Make a printer-port EEPROM programmer and dongle

You can easily use a PC's printer port for serial-EEPROM programming. You can use a device-programmer circuit used to program the MicroWire serial EE-PROM 93CXX (Figure 1). The circuit is so simple that any further simplification seems impossible. This programmer circuit contains no microcontroller, as most device programmers do. It needs neither a separate power supply, or "wall-wart," nor a cable. When in use, it directly plugs into the PC's printer port. However, you still can use a cable if convenient—for PC printer ports behind the PC, for example. The circuit also requires neither a resistor nor a decoupling capacitor.

These advantages come from the PC's printer-port resources and the architectural simplicity of the MicroWire serial EEPROM. The printer port comprises the 8-bit data, status, and control registers. Each register has its unique address. On the classic IBM PC, the data port serves solely for output, but the control port can serve as either input or output. The eight-pin, tiny, serial EEPROM consumes less than 1-mA current in the active state, and the printer port's data pin can supply a few milliamps, so this design uses D7 (Pin 9) as a power-supply pin. No decoupling capacitor is necessary in practice.

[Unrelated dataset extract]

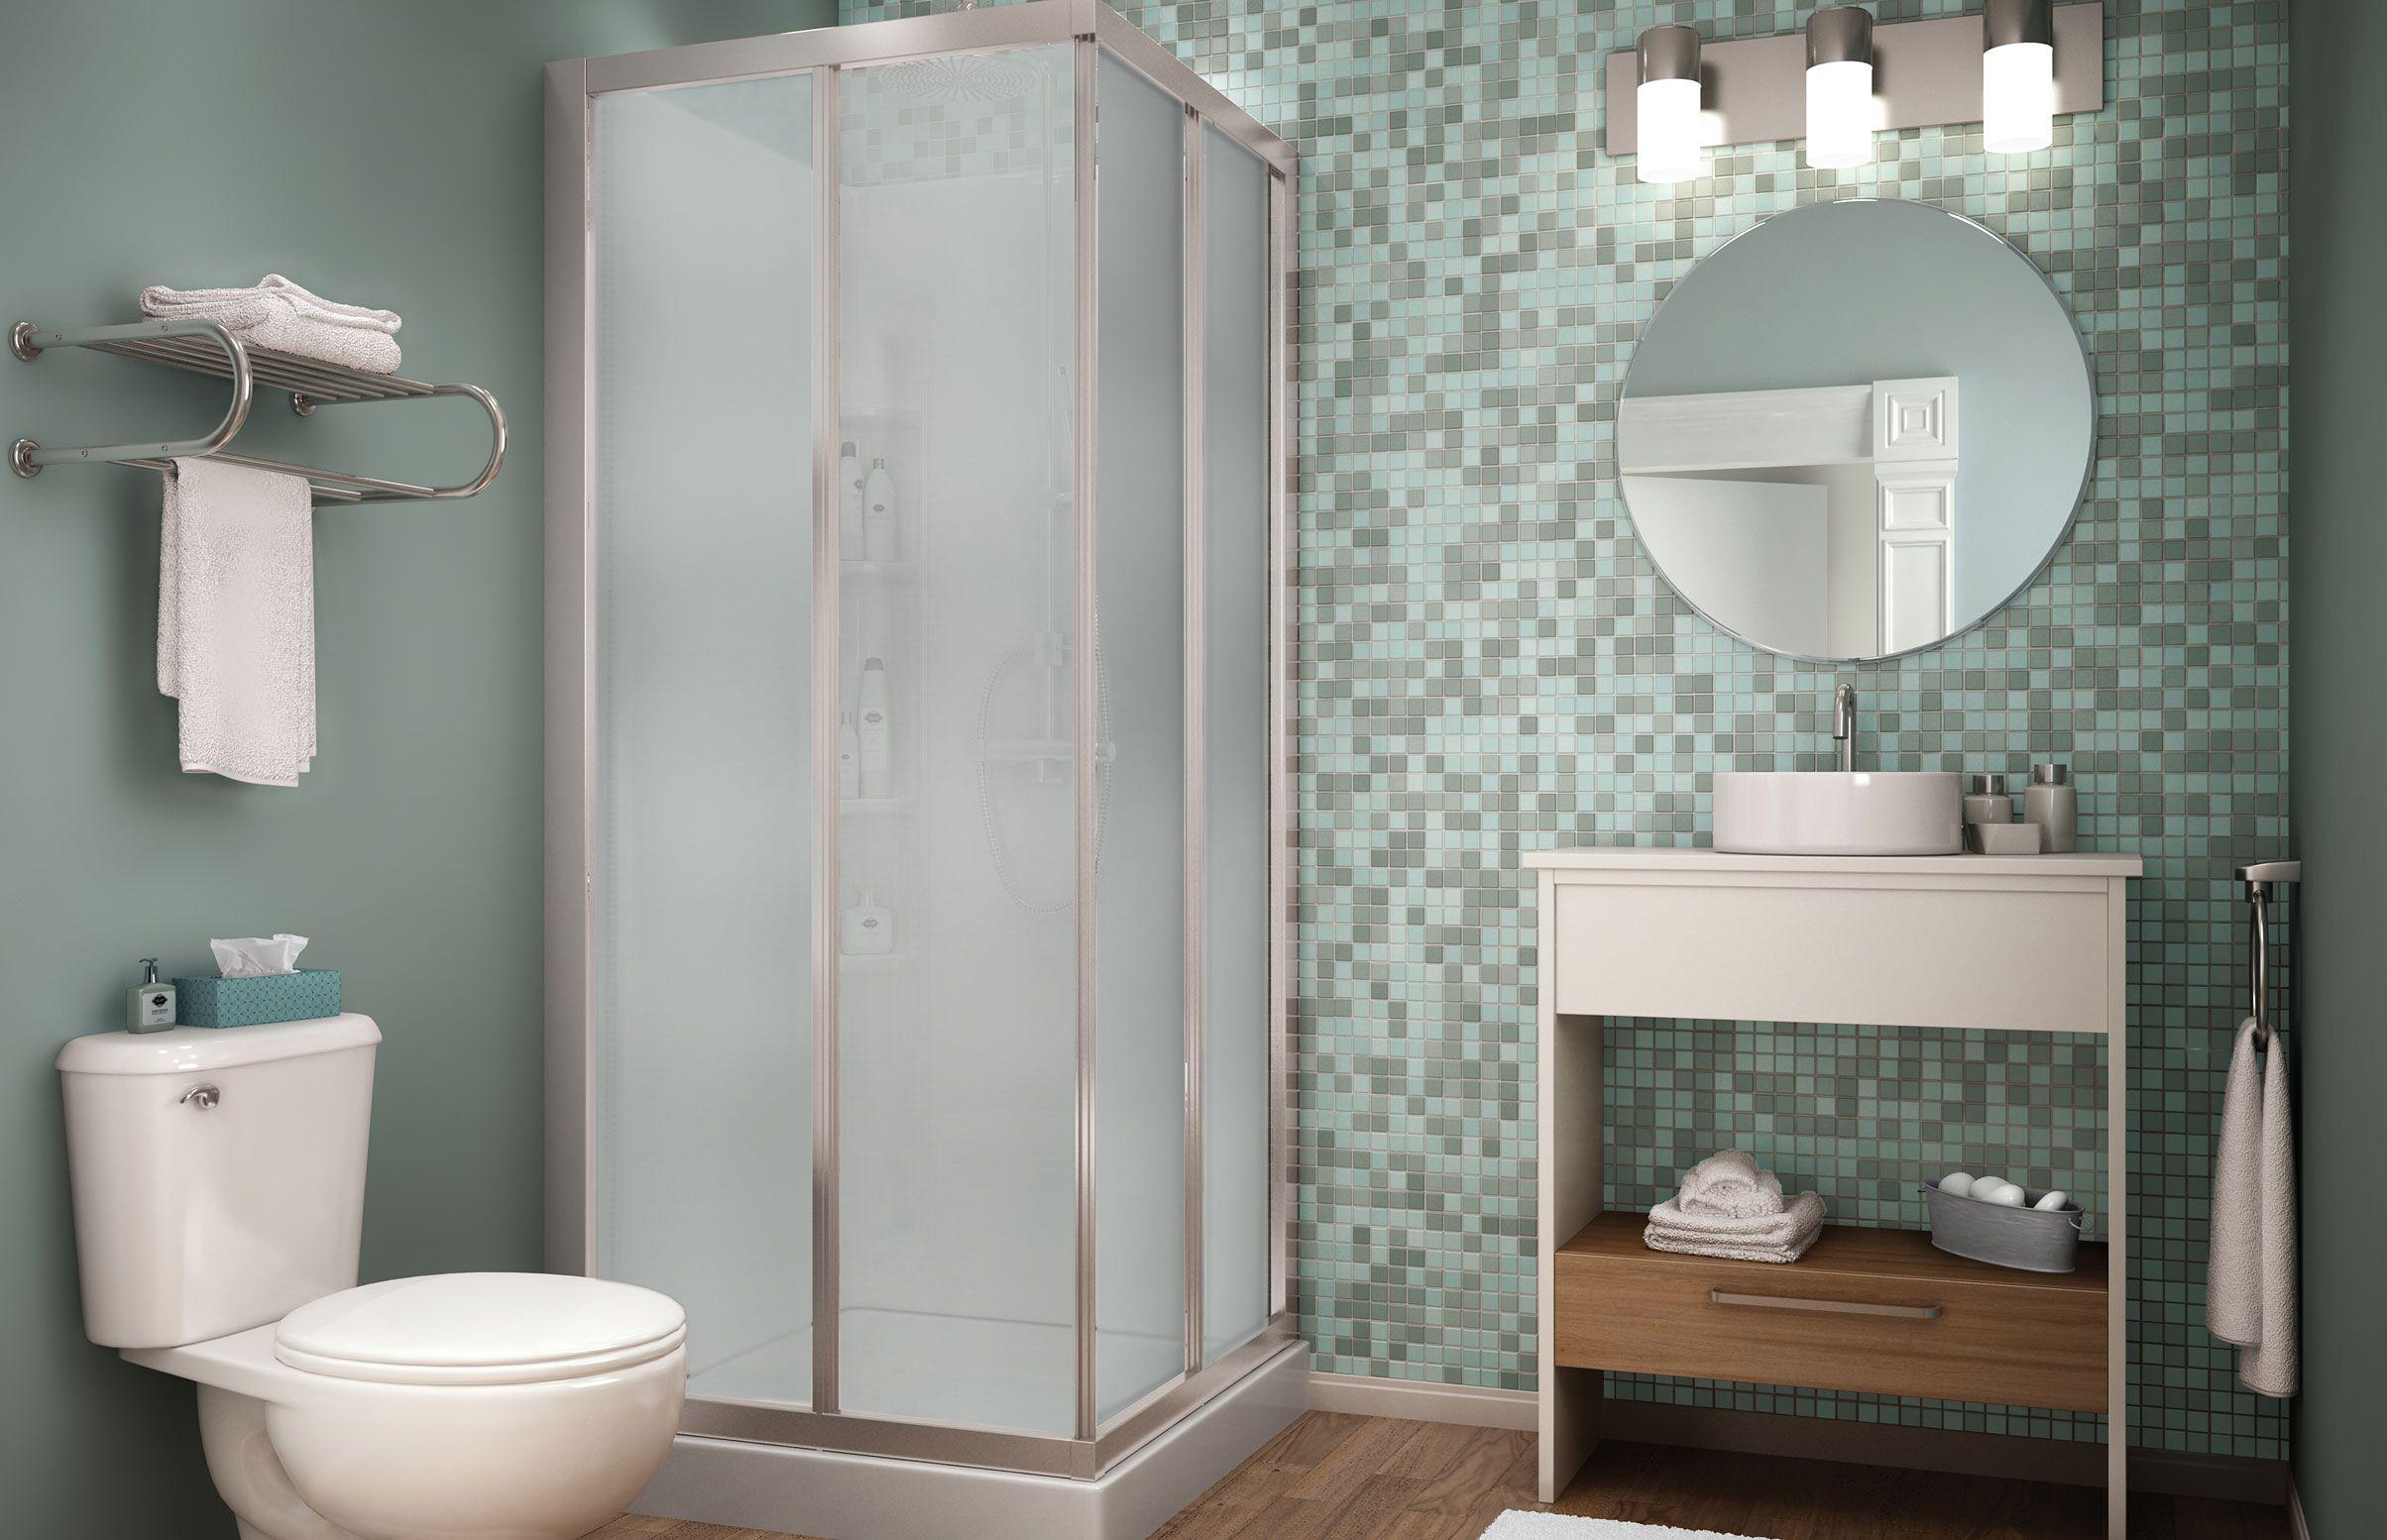 Mirolin Dahlia Iii Square Corner Shower At 32 X 32 It S
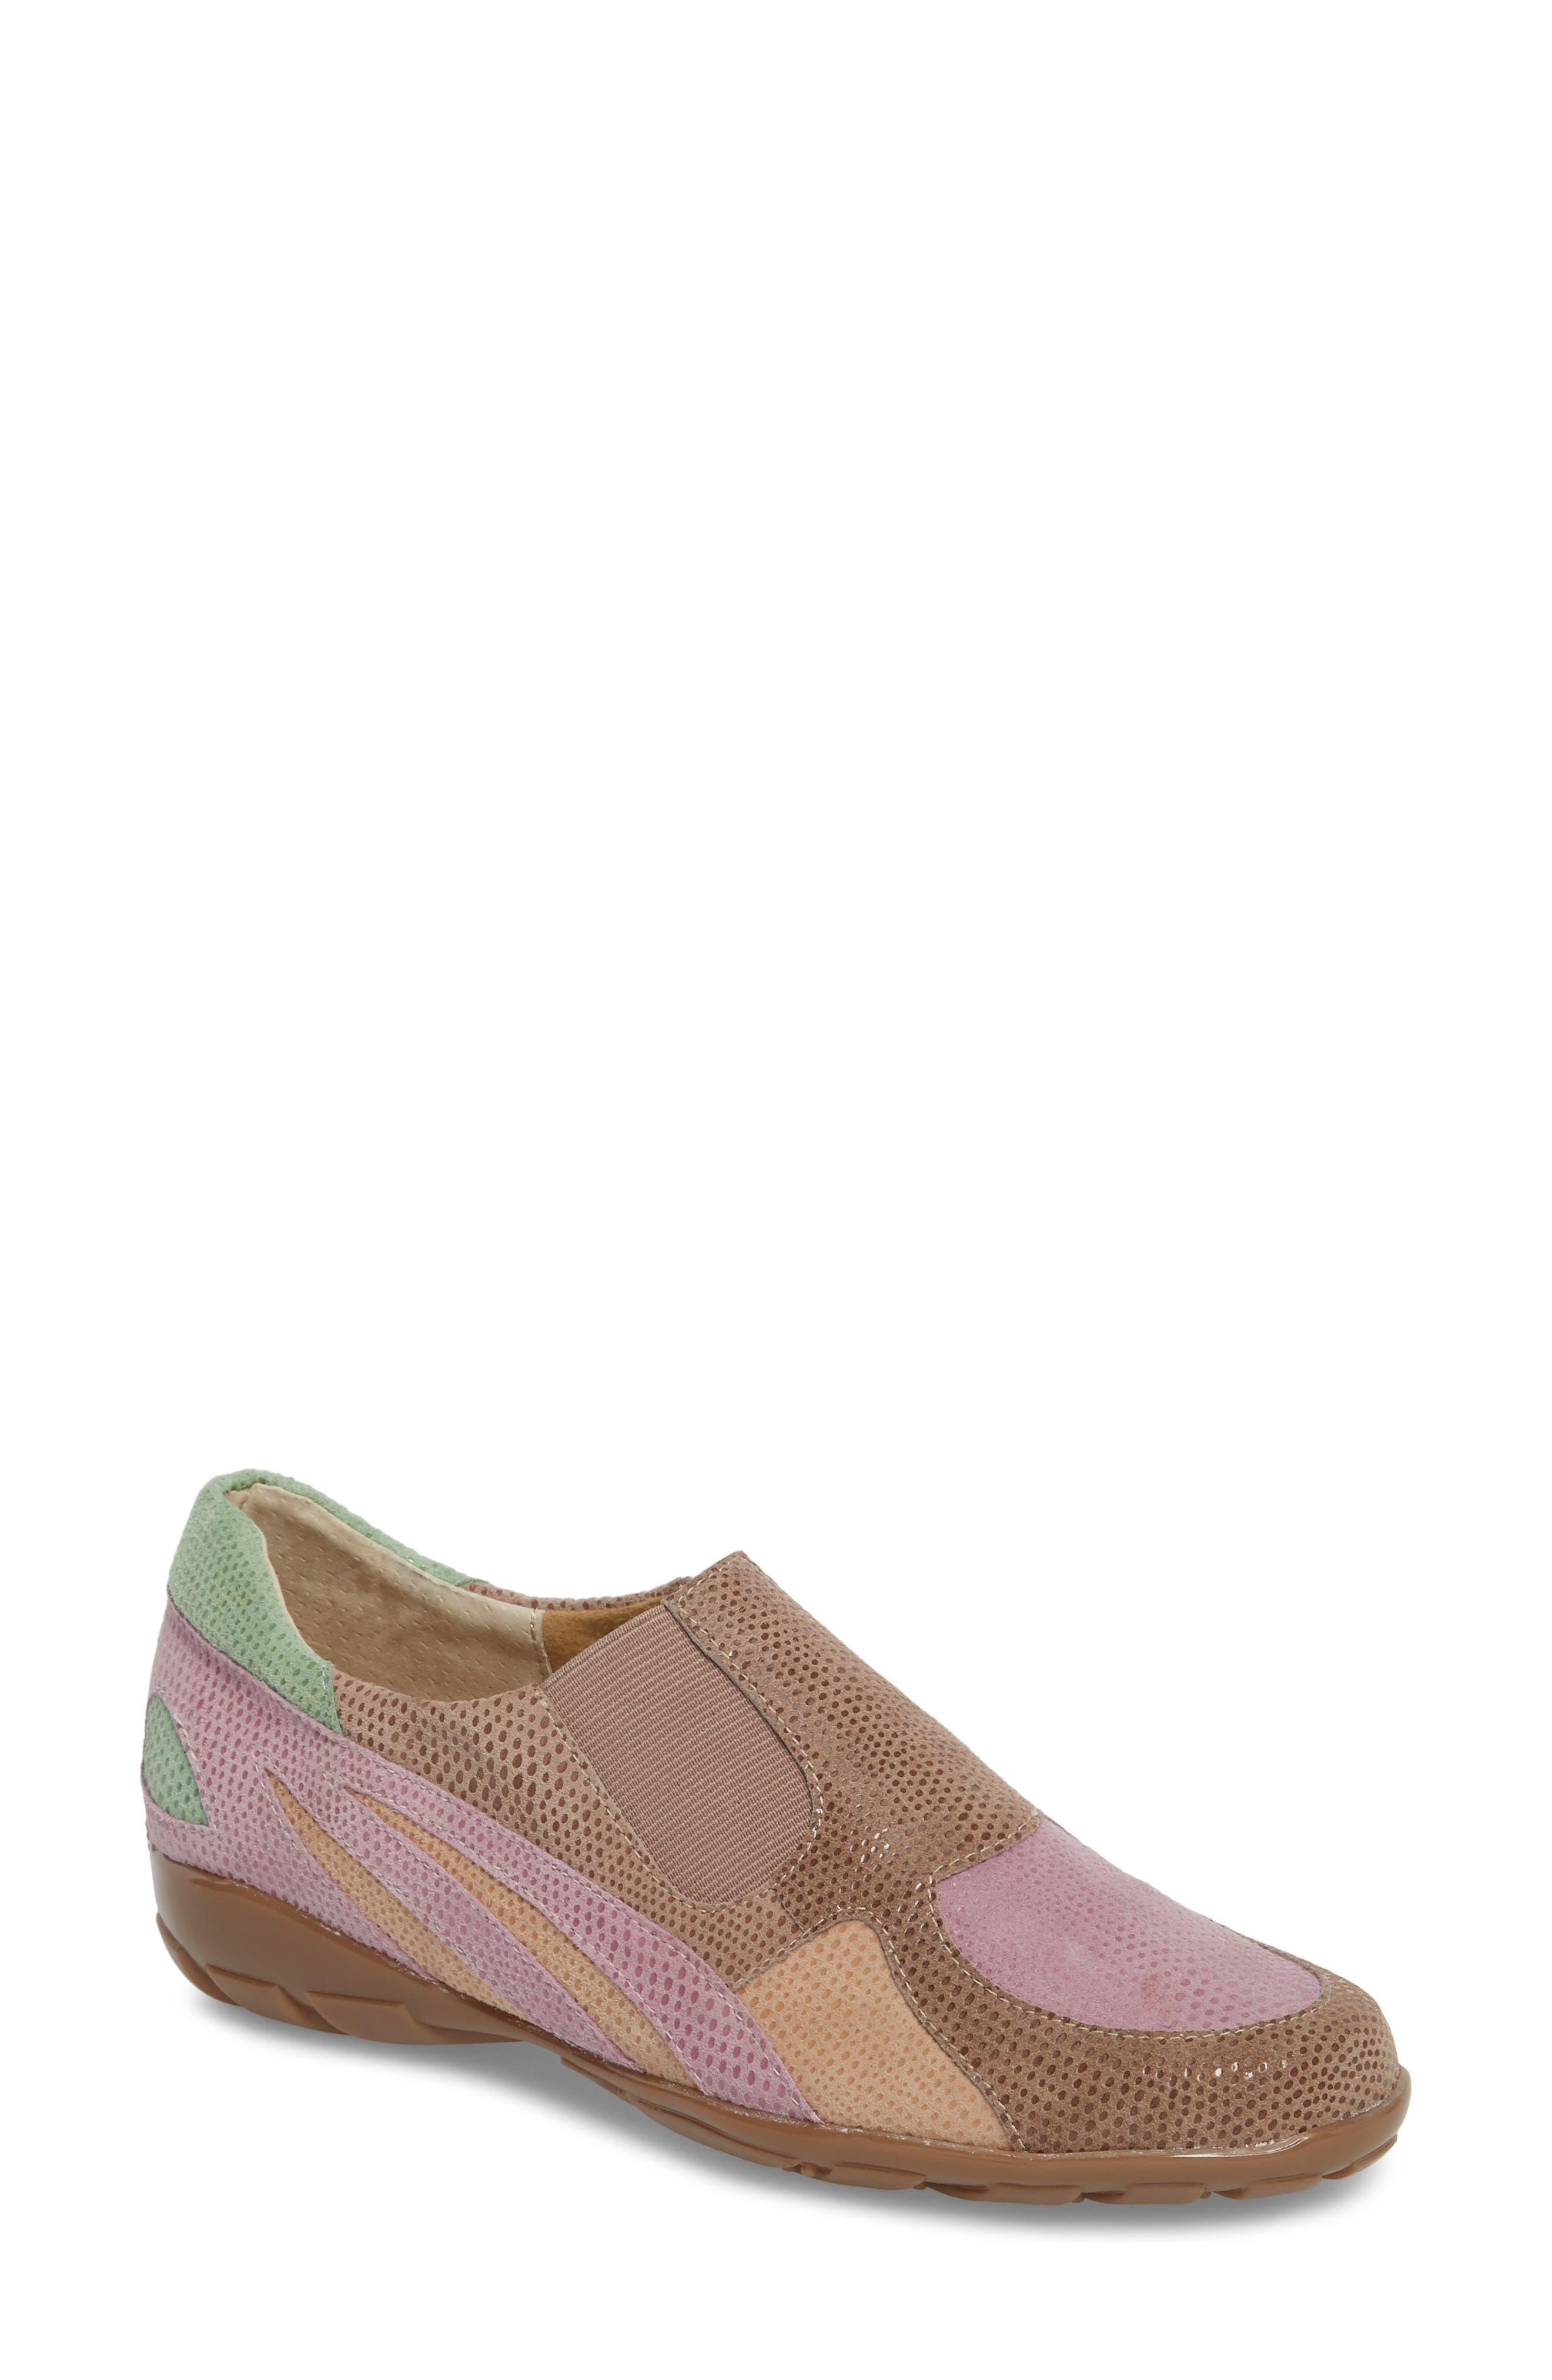 'Attie' Colorblock Slip-On Flat,                         Main,                         color,

The MicroWire chip uses the CS (chip-select), SK (clock-signal), DI (data-input), and DO (data-output) pins to control its read/write operations. This design uses the chip-select signal from the reverse level of the control bit  (Pin 17). It also ties together pins DI and DO and connects them to the Control bit  (Pin 1), which can serve as input or output, thereby saving one pin. These selections caused no problems in practice. Because control Pin 1's logic is the reverse of the logic level on bit C0, the software must take care of the inversion. The MicroWire interface normally requires a pullup resistor on the DO pin, but such a resistor is already inside the PC, so it's unnecessary.

Once you settle on the hardware design, the main task is to write software. This task is not difficult. For many embedded-system-software engineers, it's routine and interesting. A freeware executable program, Pseep2.exe, is available for this purpose. A sample demo program, secret.bin, allows you to practice the programming. Click hereto download the software for this Design Idea. It handles only one MicroWire device—the popular 93C46's read/write operation as an example. Another important feature of this circuit is that, once you program the 93CXX device, the system becomes a primitive dongle. You can then use it as a hardware-protection device for your valuable software. Only you know whatever was programmed in the device.

When the protected software runs, it first checks whether the device is present at the printer port and whether the code matches what you programmed. If a match doesn't exist, the software refuses to continue and exits. The dongle is primitive, but it does illustrate the basic principle of dongle-protection technology. You can build the circuit using wire-wrapping or point-to-point soldering techniques on a solderless breadboard, in which case you'll need a cable, or with your own pc board. It's a one-evening project.